Why Study English?
Students often wonder why English matters when today's technology allows for the quick check of spelling and grammar with the click of a button. The obvious answer might be that this quick check is not always accurate and learning how to spell and write correctly are necessary skills no matter what your field of study. However, English is also more than just spelling and grammar. In an English class, not only will your instructors teach you how to write a fluid essay but also how to think critically, conduct research, and, yes, how to write grammatically correct sentences. In literature courses, you'll be exposed to diverse cultures, writers, and thinkers. In creative writing classes, you'll tap into your imaginative skills and construct original works of poetry, creative non-fiction, and fiction. In technical writing courses, you'll learn how to communicate succinctly and effectively in situations specifically related to the workplace. At Clark, you can even enroll in a class that will allow you to take part in the publication of an award-winning magazine.
All of Clark's English classes can lead towards further study at a four-year university or meaningful employment. English majors go on to work in many diverse areas including writing/editing, education, publishing, advertising, public relations, business, and law. Beyond these areas, having the ability to write well and think critically is something employers today demand. In fact a recent report by the AACU (The Association of American Colleges and Universities) finds that "When it comes to the types of skills and knowledge that employers feel are most important to workplace success, large majorities of employers do NOT feel that recent college graduates are well prepared. This is particularly the case for applying knowledge and skills in real-world settings, critical thinking skills, and written and oral communication skills." These are exactly the kind of skills you will gain in English classes!
English majors are a versatile group and have the skills to work in many different industries. Just look at this list of some famous English majors:
- Steven Spielberg, film director
- Sally Ride, astronaut
- Conan O’Brien, comedian and entertainer
- Barbara Walters, journalist and TV executive
- Bob Woodward, journalist who broke the Watergate story
- Paul Newman, actor, food entrepreneur, and philanthropist
- Michael Eisner, former CEO of Disney
- Judy McGrath, former CEO of MTV
- Anne Mulcahy, former CEO of Xerox
- Andrea Jung, former CEO of Avon cosmetics
- Grant Tinker, former CEO of NBC
- Bartlett Giamatti, former Commissioner of Major League Baseball and President of Yale University
- Sting, singer and entertainer
- Clarence Thomas, Supreme Court Justice
- Mario Cuomo, former Governor of New York
- Pete Wilson, former Governor of California
- Hank Paulson, CEO of Goldman Sachs and former U.S. Secretary of the Treasury
- Carol Brownder, former EPA Director
- Harold Varmus, Nobel Laureate in Medicine
Interested in more information about careers for English majors? Go to the Clark Career Exploration and Investigation page or take a look at the information below:
Many English majors go onto careers as primary or secondary education teachers, jobs which require at least a B.A. degree. However, there are also other options in the educational field. English majors can work as tutors and as educational administrators. Some may travel abroad and teach English as a second language (ESL); others may work locally at museums or non-project organizations. With an advanced degree, you can teach at a community college or university.
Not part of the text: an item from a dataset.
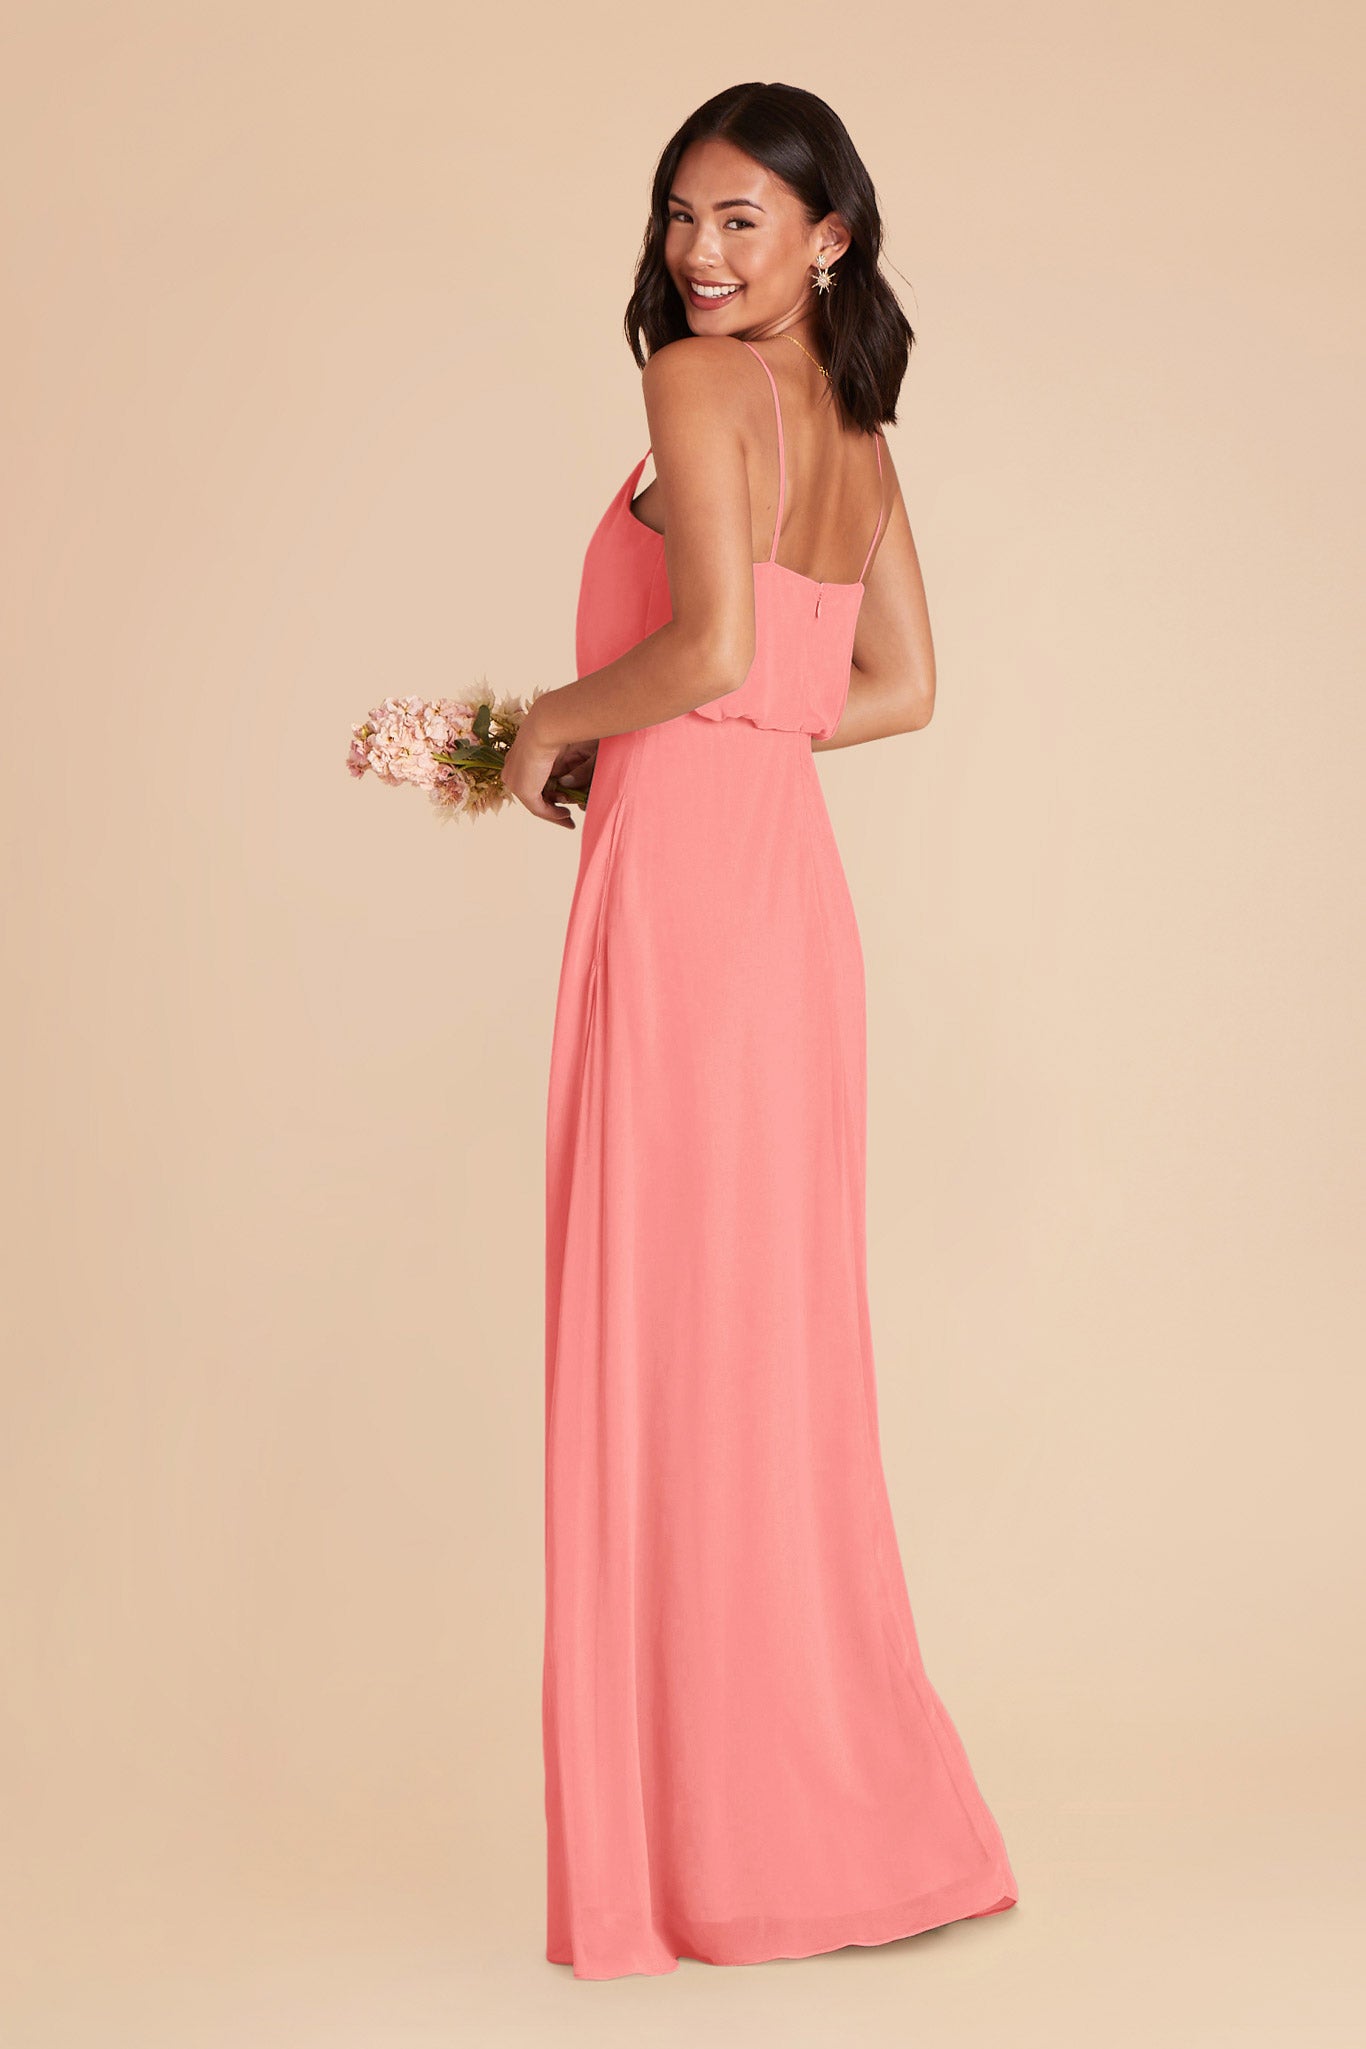 Coral Pink Gwennie Dress by Birdy Grey

Employers: Public schools, private schools, colleges and universities, language institutes, libraries, museums, private learning centers, test preparation organizations, and non-profit organizations.
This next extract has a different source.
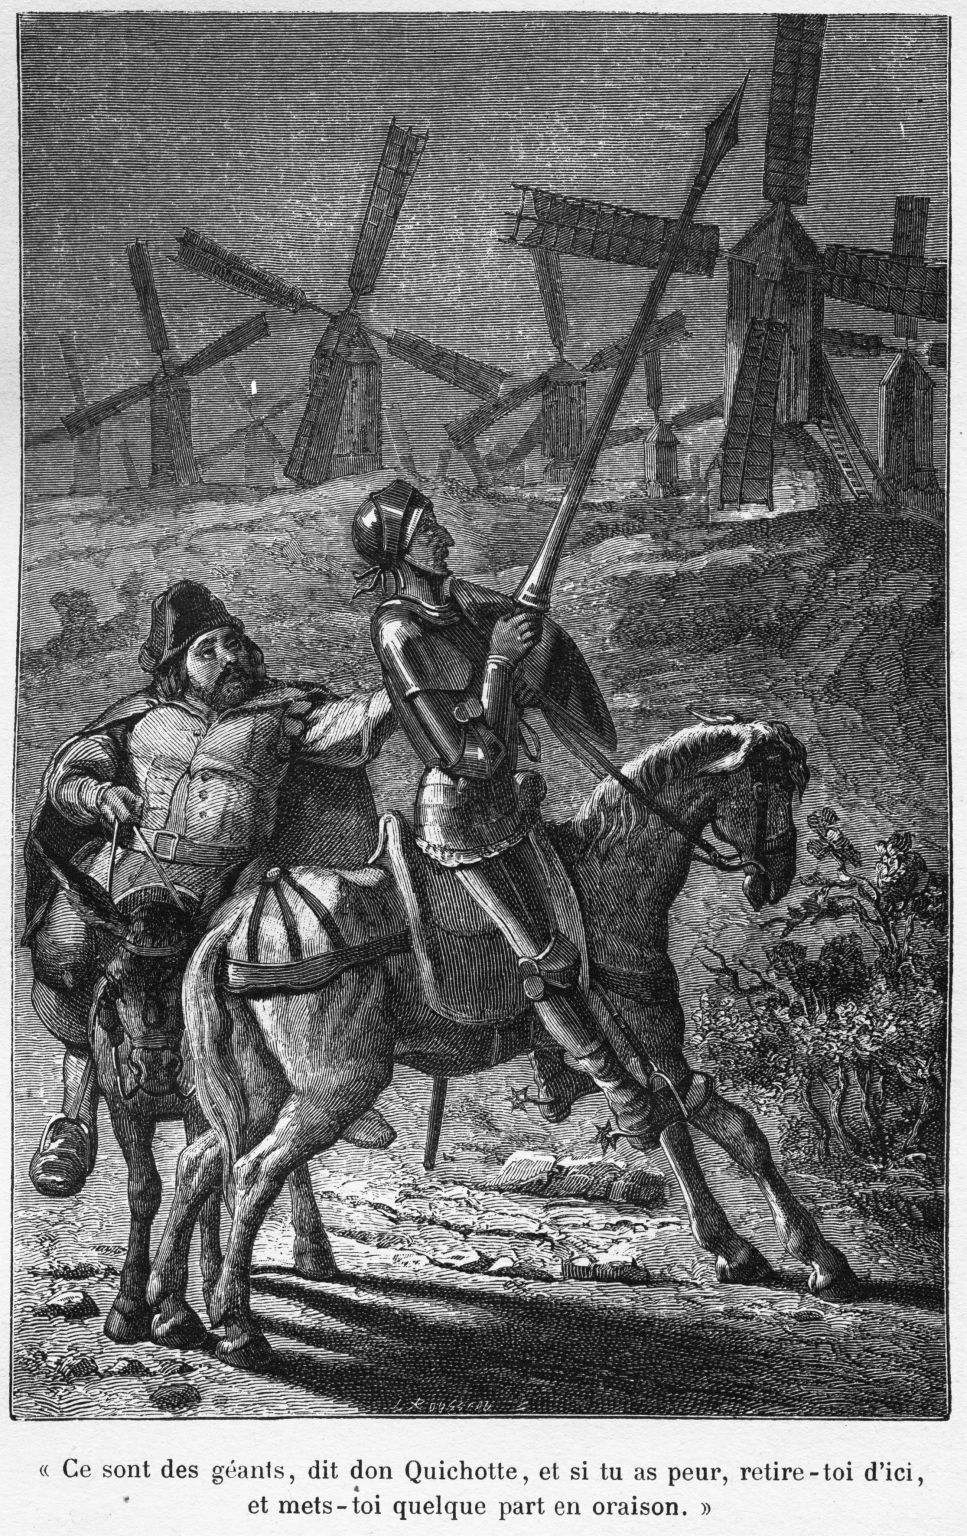 Don Quichotte, monté sur son cheval Rossinante, s’adresse à Sancho Pansa avant d’attaquer des moulins à vent qu’il prend pour des géants

Relevant Clark Courses: Any English course; in fact, you would be wise to take as many as you can from our diverse array of offerings of literature, composition, and creative writing. Keep in mind that literature and creative writing courses count as Humanities credit.
As a writer or an editor, your options are many, whether you want to work as freelancer or for a specific employer. Being a writer or editor isn't just about working on a book, but can involve a variety of other writing opportunities at specific companies and organizations.
On the other side of writing is the publication of works, and within this area, there are opportunities to be involved in advertising, sales, circulation, production, publicity, promotion, and more.
Employers: Trade publishing, specific interest magazines, association magazines, Sunday newspaper supplements, educational publishing, religious books and magazines, professional and scholarly publishing, university presses, independent publishers, e-books and audio-books.
Relevant Clark Courses: Creative writing and literature courses--especially English 277: Introduction to Literary Publication--and English 160: Writing for the Web.
Advertising and Public Relations
From copywriting, art direction, account management, and more, strong writing, critical thikning, and research skills are a must in this field. In both advertising and public relations, messages must be conveyed clearly and with creativity in order to catch the public's attention.
As you can see from the list of famous English majors above, there are many who have had successful careers in business. Like these other fields, the options are many, whether you want to work in management, sales, marketing, human resources, or insurance (claims and underwriting). In all cases, understanding how to convey your point clearly and persuasively (remember those argument papers in English 101 and 102) will be important.
Of course, to become a lawyer requires an advanced law degree, but many lawyers start their path as English majors, where they hone their writing, critical thinking, and research skills.